There are no big waves and the surface winds are much lighter, but he says the size of the lake allows good observation of the Coriolis effectExternal link, which causes water to tend to move in a circular motion if disturbed, for example, by the wind. This is caused by the rotation of the planet. The depth of the lake also allows observation of vertical mixing between surface waters and the deep cold water. Various effects in the lake can aid this process and help bring oxygen from the surface to deeper waters, which is important for water quality and fish. Water movement and mixing in the lake can also help attenuate undesirable inputs like wastewater.
“It’s a very deep lake, which gives rise to a very rich hydrodynamic system,” Barry explains. “That’s why as an outdoor laboratory, it has the intricate motions and complexity which make it a very interesting and challenging scientific body of water to study. And because of this size, a lot of what we find here in terms of understanding of the lake can apply to other lake systems.”
Taking the temperature
Professor Barry has been conducting research on the lake for some 10 years now, and much of this involves measuring and recording. “We measure currents in the lake in quite a lot of detail,” he says, “and we measure water properties such as temperature at certain depths, which controls water density to a large extent.”

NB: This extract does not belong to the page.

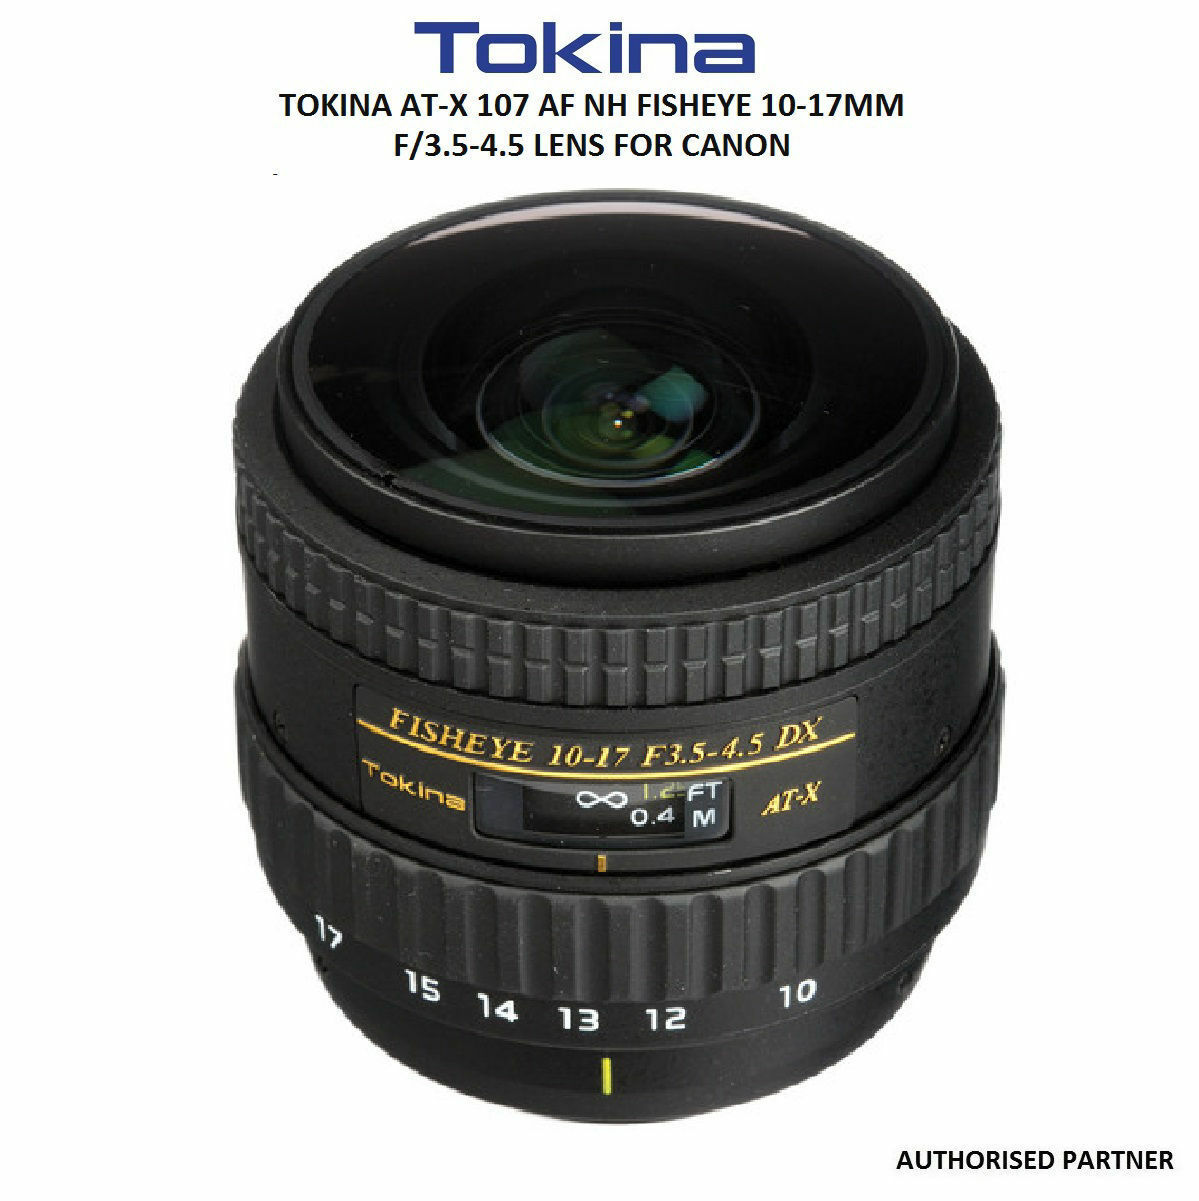 TOKINA AT-X107 DX FISHEYE 10-17 f3.5-4.5 - レンズ(単焦点)
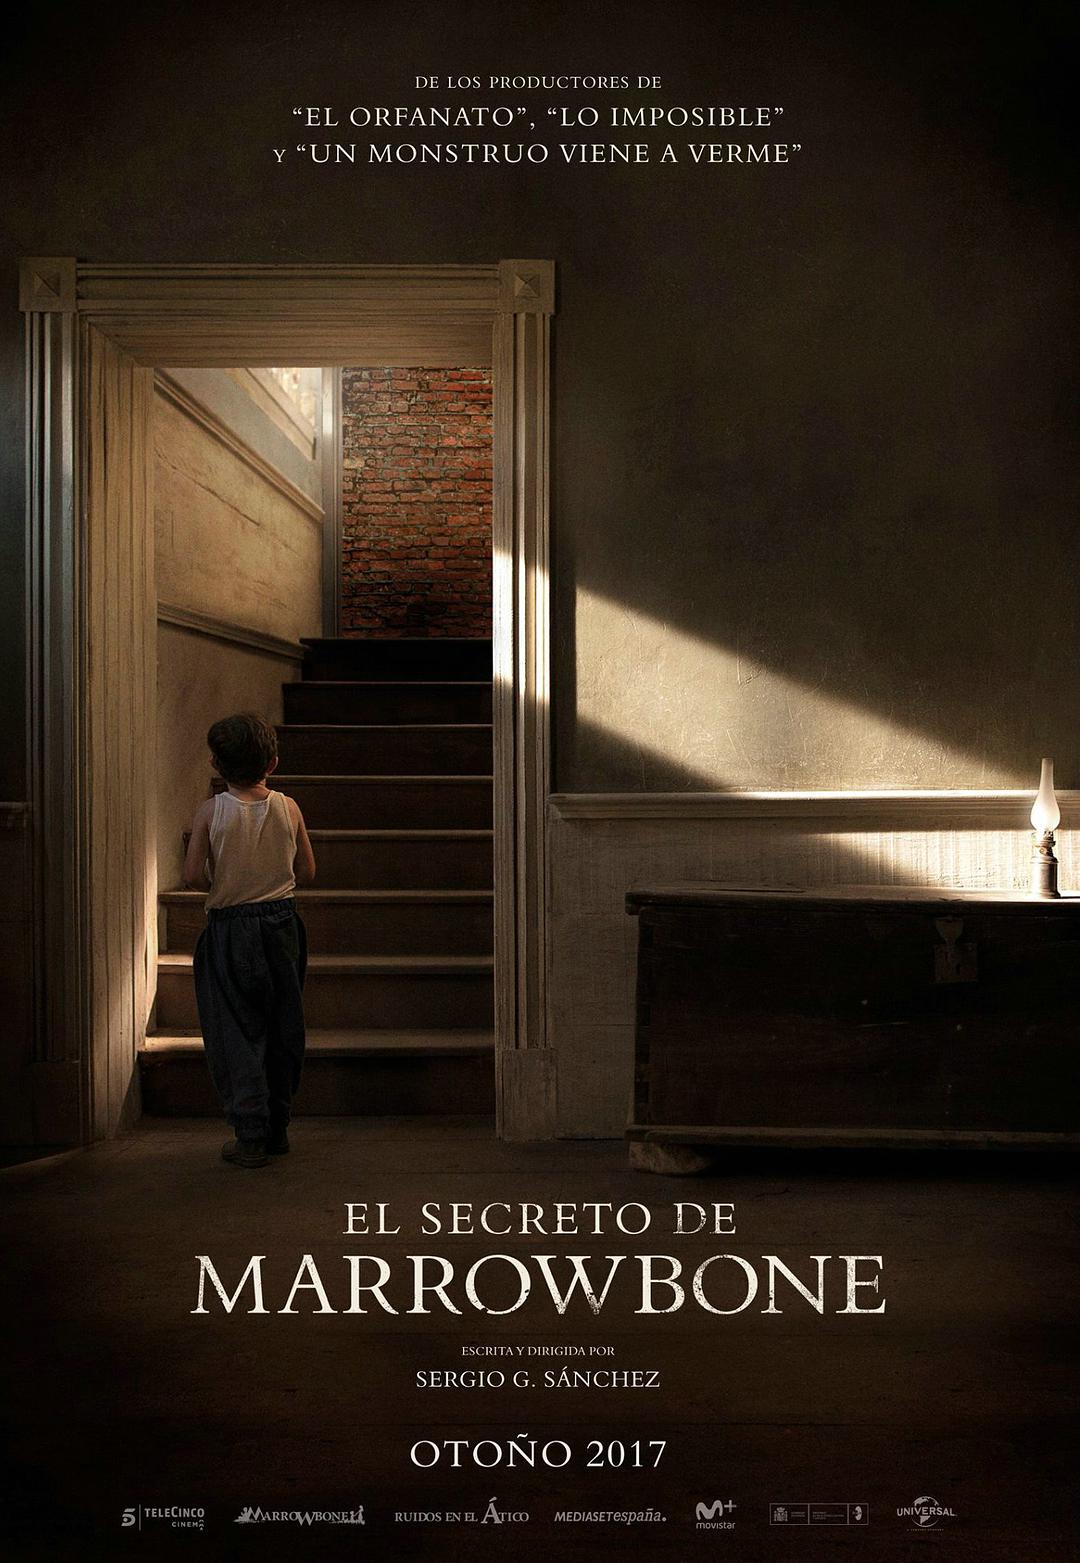 马柔本宅秘事 蓝光原盘下载+高清MKV版/ 髓骨 / Marrowbone 2017 El secreto de Marrowbone 42.89G

Measuring is done in several different ways. Instruments are placed at various depths in the water to provide vertical profiles, such as of the temperature at different depths. The team also has an autonomous Catamaran equipped with instruments used to take measurements of air and water properties around the lake. In addition, there is a thermal imaging system mounted on a balloon which sits between 500 metres to 1.5 kilometres above the lake surface.
“With thermal imagery we can get the temperature of the lake water and then use that in our calculations of the surface energy exchange, which over time has a major influence on the lake’s energy balance,” Barry explains. “And there’s a considerable variation in temperature. Even if the surface of the water looks homogeneous and flat, when you start to interrogate it, you find it’s actually quite variable.”
EPFL is only one of several organisations conducting research on Lake Geneva, including the Franco-Swiss Commission Internationale pour la Protection des Eaux du LémanExternal link (CIPEL). EPFL is collaborating with EAWAGExternal link and the Universities of Geneva and Lausanne on a new research platform off Pully, which Barry says is complementary to his team’s work.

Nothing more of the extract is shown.